January 30, 2013 at 5:54 p.m.
Opinion

Our vital foreign earnings are in decline


By Larry Burchall- | Comments: 0 | Leave a comment

It’s almost surreal. Popularity ratings sky-high. The official statement from the Minister for the Economy is that nobody knows how many people are unemployed. The 2011 Budget date was pushed back a week — as happened in 2010. 

Over all of this hangs a large silence. Premier Dr. Brown’s tenure might well be classified as a regime of confrontation. So far, the new Premier has provided a regime of non-frontation. But the quiet on the financial front is especially disquieting.

Look at the facts. According to an unofficial Bermuda Sun poll, about two out of every three workers says that he or she is uncertain about his or her job tenure. 

The combination of the BIU and the BPSU, between them representing about 6,000 Government blue and white collar workers, have either accepted overtime bans, opted for a wage freeze, or taken some other analogous action; but have not sought and say they will not seek a pay increase.

CD&P, Bermuda’s largest law firm and a leader in servicing international business has sliced out some workers — including lawyers. So has Bermuda’s second largest law firm — Appleby. Monopoly BELCO, employing about 300 workers, went for a  wage freeze.

BTC downsized a while ago. BNTB has reduced staff. There are steady and unrelenting rumours — invariably followed by the fact of action — of smaller downsizing in many, many, other businesses. Hotel employment is down. Retail sales have been sliding downwards for almost 30 consecutive months.

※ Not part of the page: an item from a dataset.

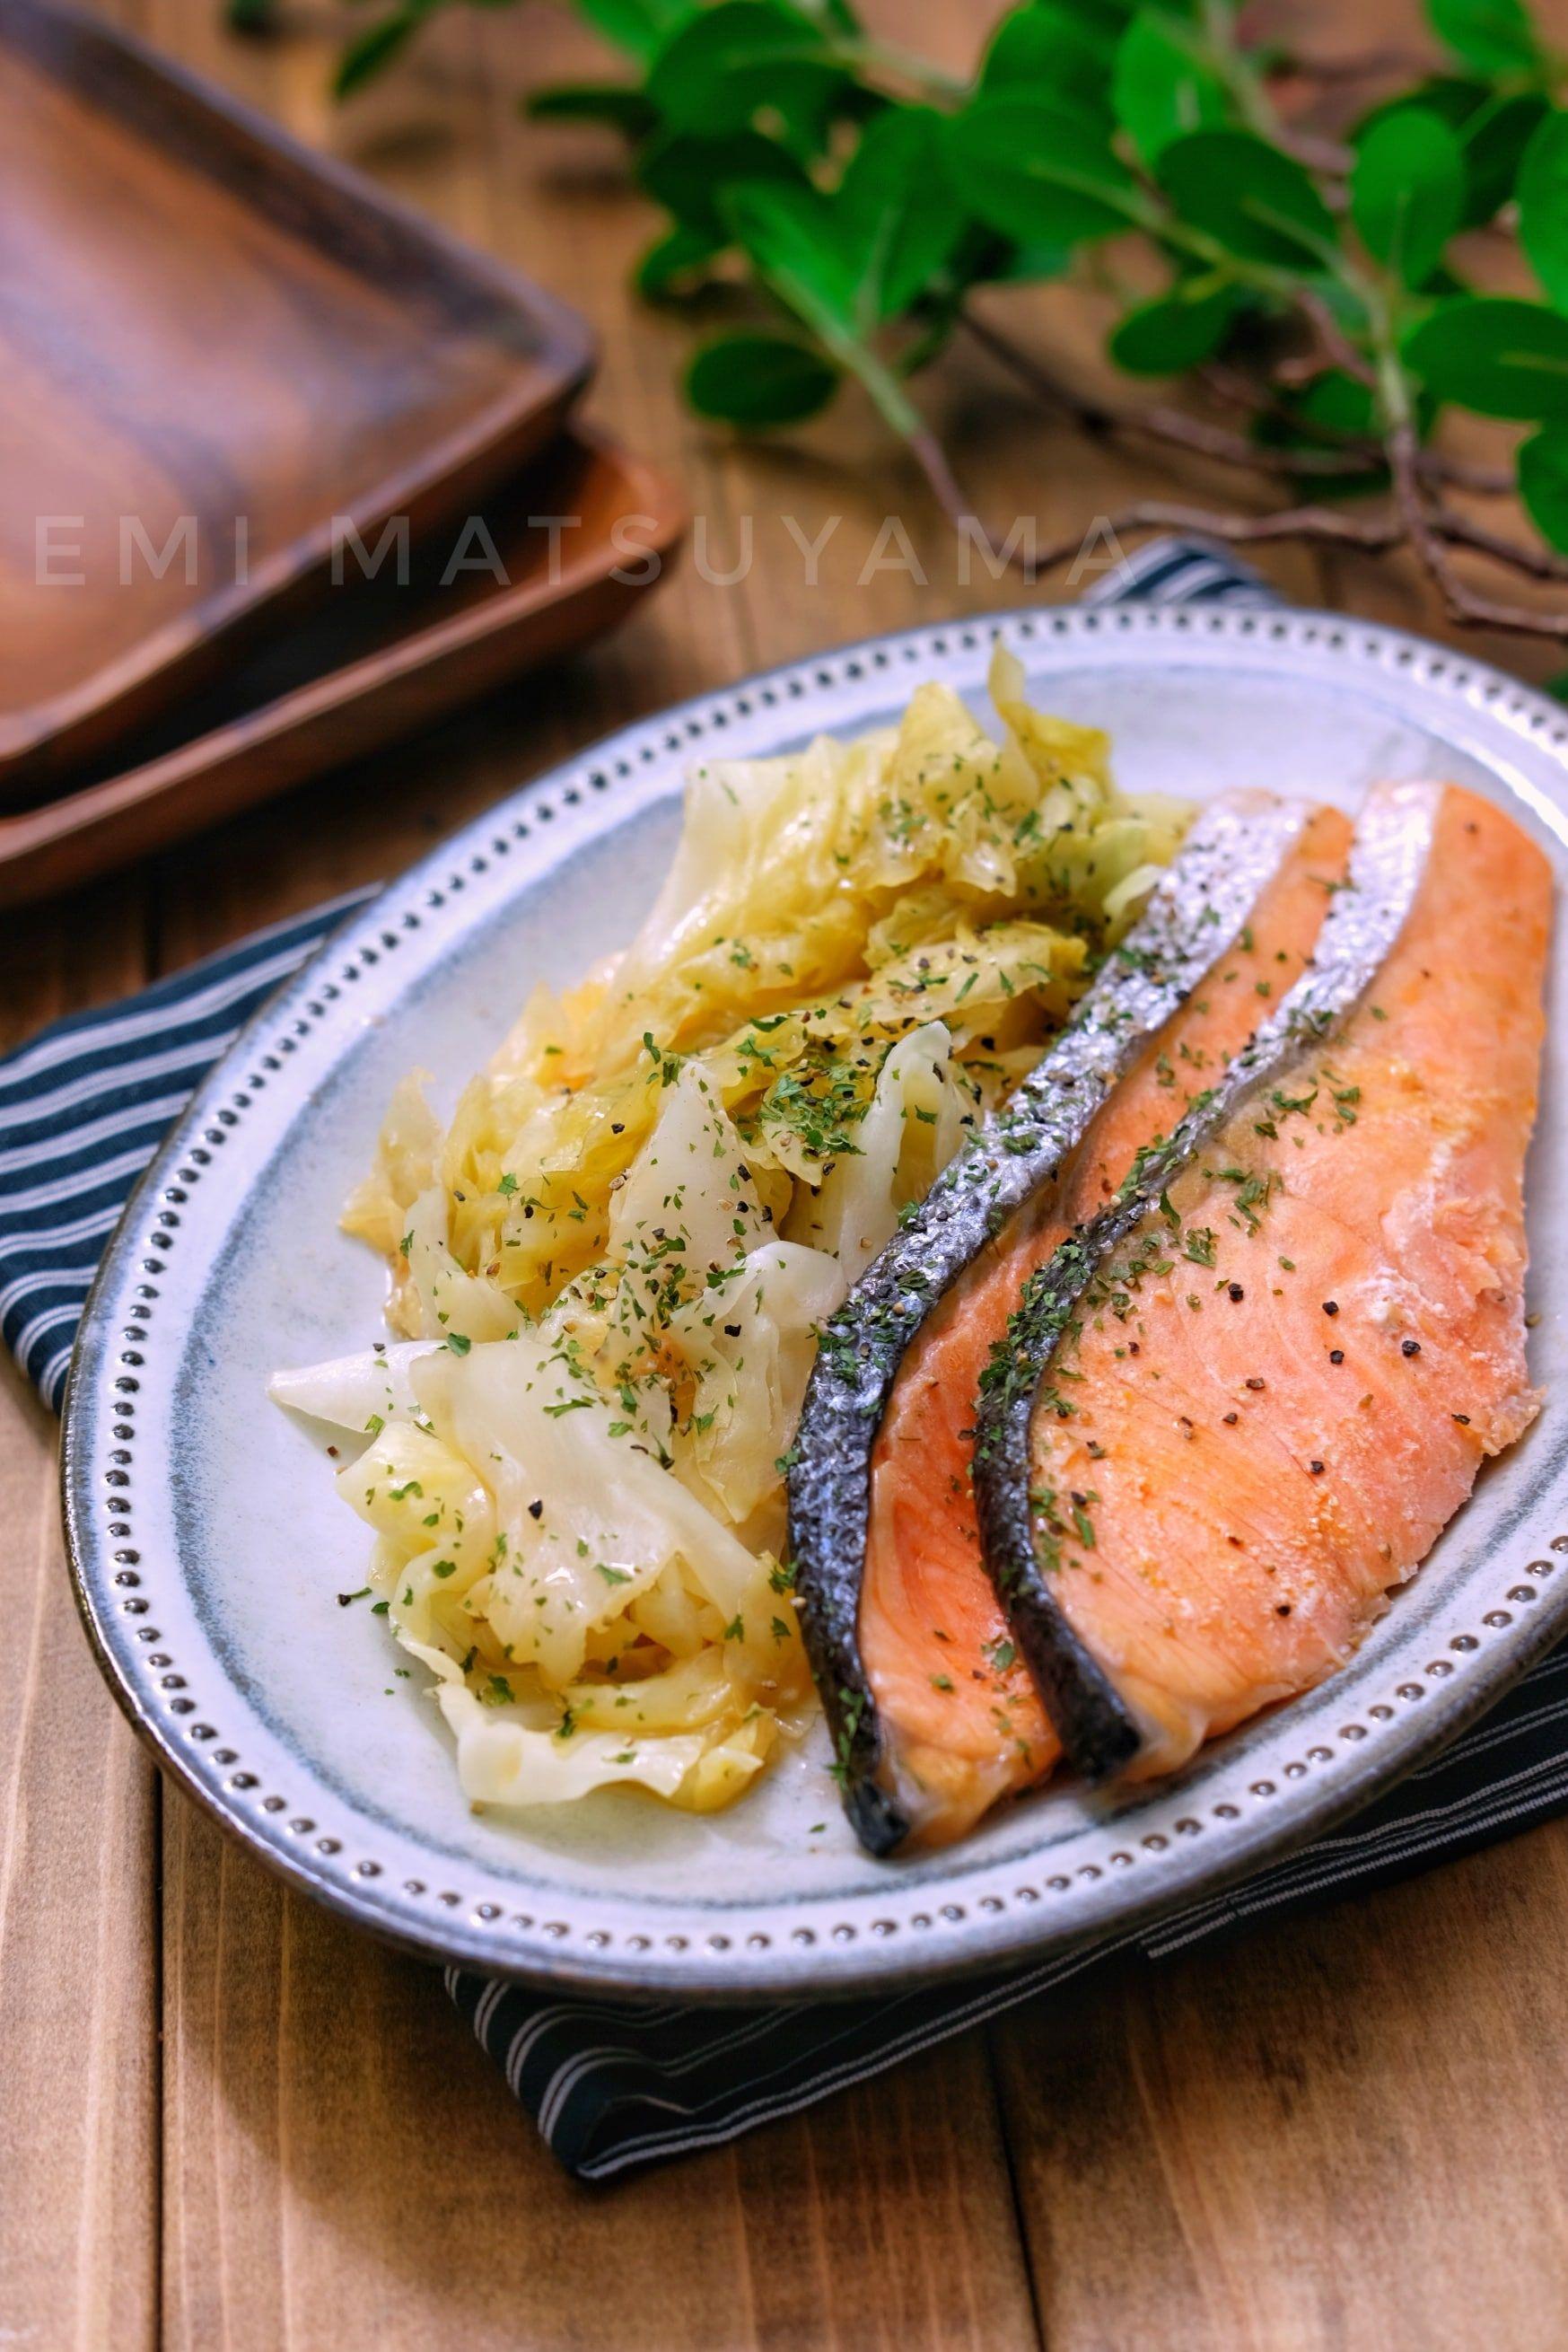 塩鮭 レシピ 甘 【鮭の焼き方】フライパンでできる!身はふっくら、皮はパリッと仕上がる

Bermuda is entirely dependent on the steady ingress of foreign exchange — U.S. dollars, Euros, Canadian dollars, and any other freely exchangeable foreign currency. This foreign currency comes to Bermuda and we then spend it around on-island and create what’s called Gross Domestic Product or GDP.  Because we have access to foreign currency, we can eat and dress and sport and travel. Without that foreign currency, we’d be completely dependent on Randy Furbert’s honey, David Lopes’ milk, and Tom Wadson’s chickens and eggs.

So you can see where we would be without foreign currency.

Spinning and spending

How much foreign currency do we get? Well, in the last year reported year (2009) we got about $2,347,000,000. Of that, leisure tourism brought in about $283m.  All the rest came from international business (IB). Practically, IB brings in or attracts 90 cents out of every dollar that arrives here. (National Economic Report, 2009)

Is anything happening with Bermuda’s foreign exchange earnings? Yup. They’re not rising. In fact Foreign Exchange (FE) earnings were about $2,233m in 2006, $2,577m in 2007, $2,400m in 2008, and $2,347m in 2009.  That’s a decline. Not good.

GDP, which is a product of the spinning and spending of those FE dollars, reflects that movement.  GDP has moved like this. In 2006, GDP was $5,387m, in 2007 it went up to $5,860m, in 2008 it went slightly higher to $6,068m, and in 2009 it went down to $5,715m. (Dept of Statistics, GDP Report December 2010).

The ingress of foreign exchange and its spending impact flows a little way past each year’s statistical calculation period. So the rise in FE earnings in 2007 was still pushing GDP higher in 2008. The decline in FE earnings in 2008 would take a few months to work through and would not lower GDP until 2009. The 2009 decline in FE earnings will work through and make itself really felt in 2010.

And what if FE earnings are — or were — down further in 2010? Then they will work through and will impact in 2011 — this year!

So seeing and understanding the figures that are now in the public domain; knowing of the enormous disquiet in the community; and knowing that Bermuda has to deal with numbers — not emotions — I am puzzled by the silences and the admissions of not knowing what’s happening, from people who ought to know what’s happening, and who are supposed to make decisions based on sound information.

The silence puzzles me. What about you?